Она скрестила руки, позируя. Лейтенант-детектив от такого мрачного сравнения вздрогнул и молча воззрился на Одалию. Та склонилась к нему еще ближе:
– По правде говоря, – доверю вам тайну – все обручальные подарки таковы. В том или ином смысле. – Она игриво склонила голову набок, но что-то угрюмое было в ее лице и манерах. И меня кольнула глухая ревность – но которого из этих двоих я не желала уступать другому?
Я затаила дыхание, следя за тем, как Одалия до дюймов сокращает расстояние между собой и гостем.
– Как ни приукрашивай, суть не меняется. «Хоть розой назови ее, хоть нет», [17] – кокетливо намекнула она. И почему-то странно отдалось в ушах упоминание розы, созвучное моему имени. – Как думаете, арестованные в участке позавидовали бы, если б знали, что мои наручники ярче блестят?
Улыбка Одалии растянулась волчьим оскалом, накрашенные губы приподнялись, обнажив белизну зубов, она уже чуть ли не прижималась к лейтенанту-детективу.

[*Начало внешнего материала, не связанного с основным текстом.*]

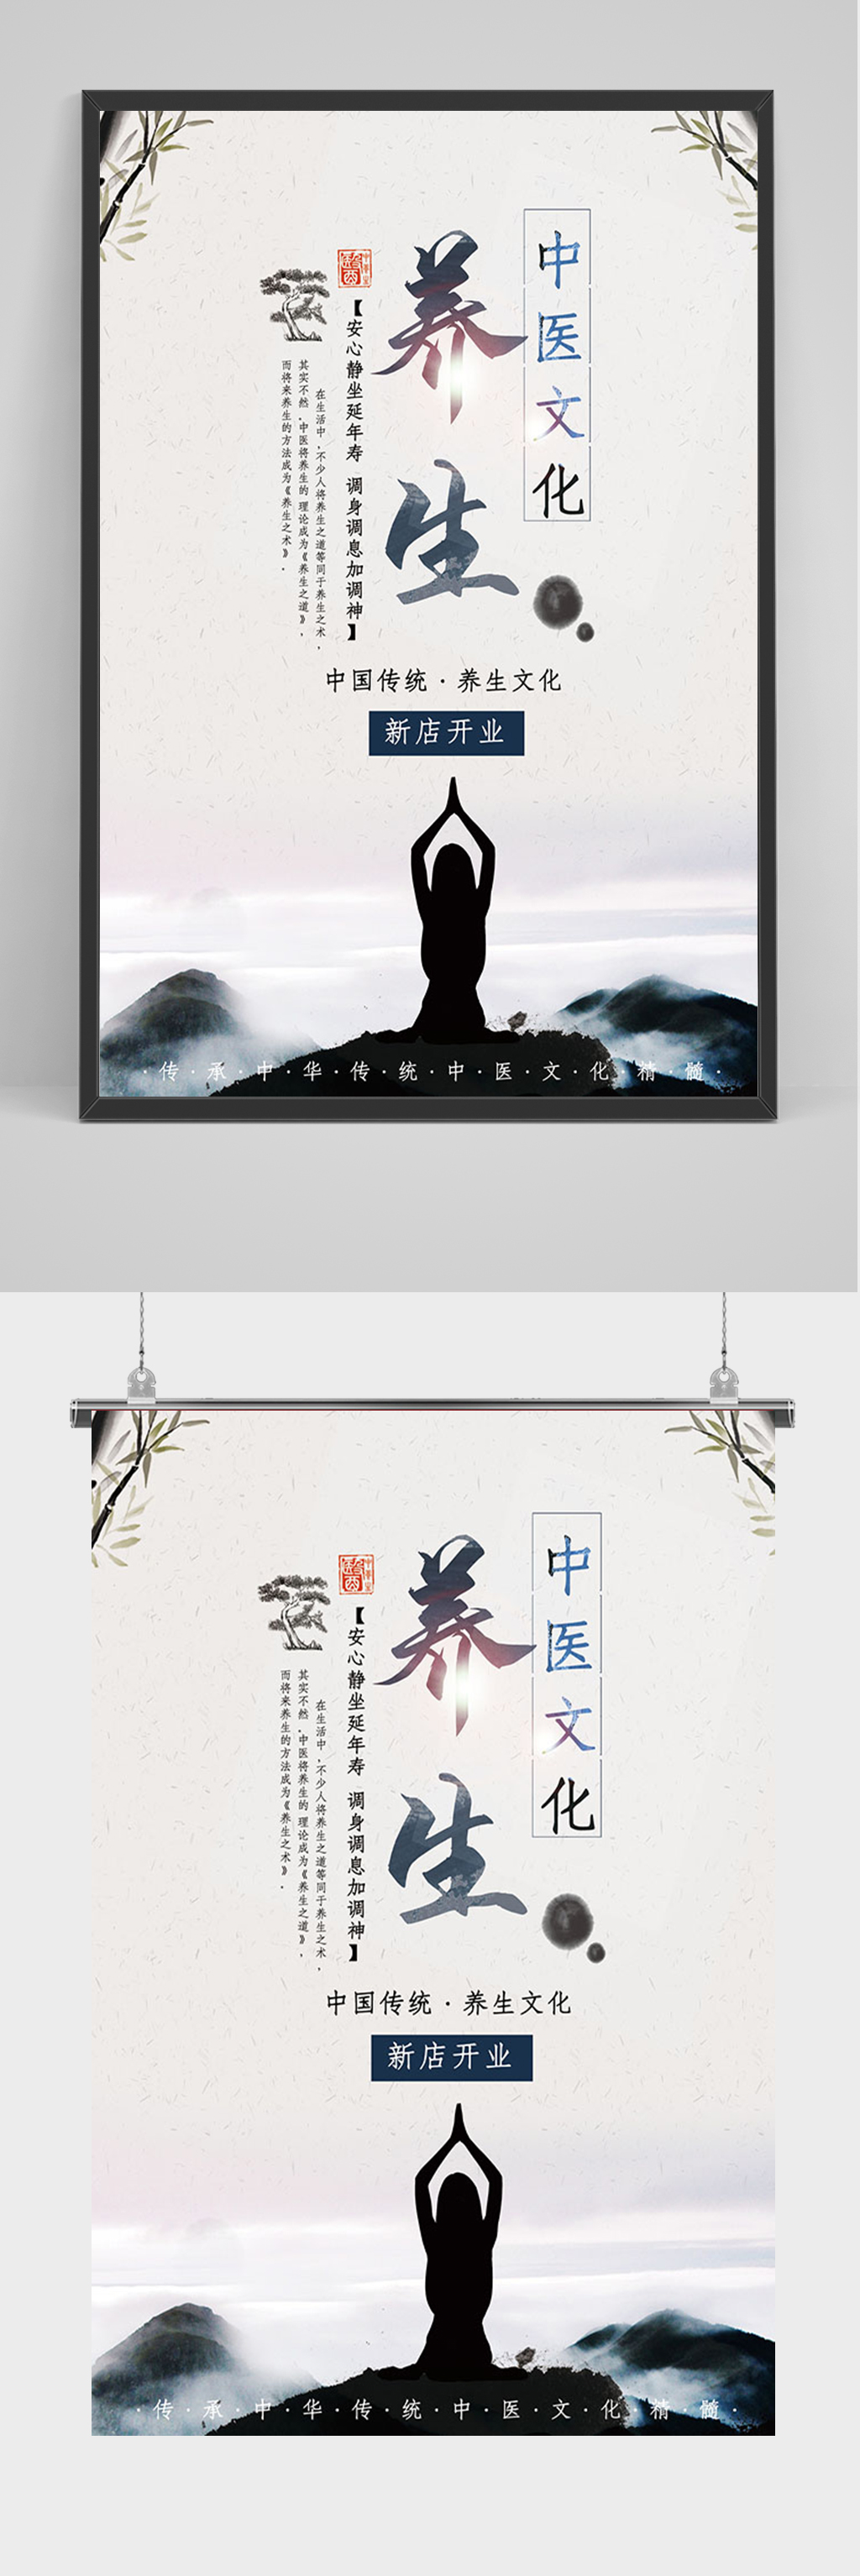 中医理疗宣传广告内容图片

И я не стерпела: остро захотелось нарушить этот интим. Я кашлянула, обозначив свое присутствие.
17
Уильям Шекспир, «Ромео и Джульетта», акт II, сцена 2, пер. Б. Пастернака.
Оба резко обернулись – двое диких зверьков, встрепенувшихся в тревоге: кто-то подкрался. Лицо лейтенанта-детектива до самых ушей залила краска, он так и подскочил.

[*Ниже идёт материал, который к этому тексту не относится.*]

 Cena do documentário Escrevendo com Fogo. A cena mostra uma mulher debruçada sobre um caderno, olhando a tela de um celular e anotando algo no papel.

– А! Да! Ну что ж. Пора мне. Рад был проводить вас, мисс Бейкер.
– Благодарю вас, лейтенант-детектив. За всю вашу… – Я поискала слово, не нашла, беспомощно пожала плечами и пробормотала: – За ваши благодеяния.
Язвить я не собиралась, но, кажется, именно так воспринял мою реплику лейтенант-детектив. Выпрямился, напряженный, готовый чуть ли не извиниться за прискорбные события этого вечера – и за то, что попался, когда строил глазки Одалии, и за то, что испортил платье; возможно, даже за сам рейд. Взял шляпу, повернулся к двери.
– О, Фрэнк, посидите еще. Вы даже не допили, – напомнила Одалия, указав на стакан с джином и лаймом, – и впрямь до дна оставалось еще далеко. Она игриво потянула «Фрэнка» за рукав.
Как легко далась ей фамильярность – назвать по имени, словно и не в первый раз. И, присмотревшись к этой парочке в гостиной, я вдруг заметила, что не так уж лейтенант-детектив смущен этой обстановкой, как мне поначалу казалось. В голову впервые закралось некое подозрение.
– Не стоит. Уже поздно, а я достаточно сегодня выпил, перебор.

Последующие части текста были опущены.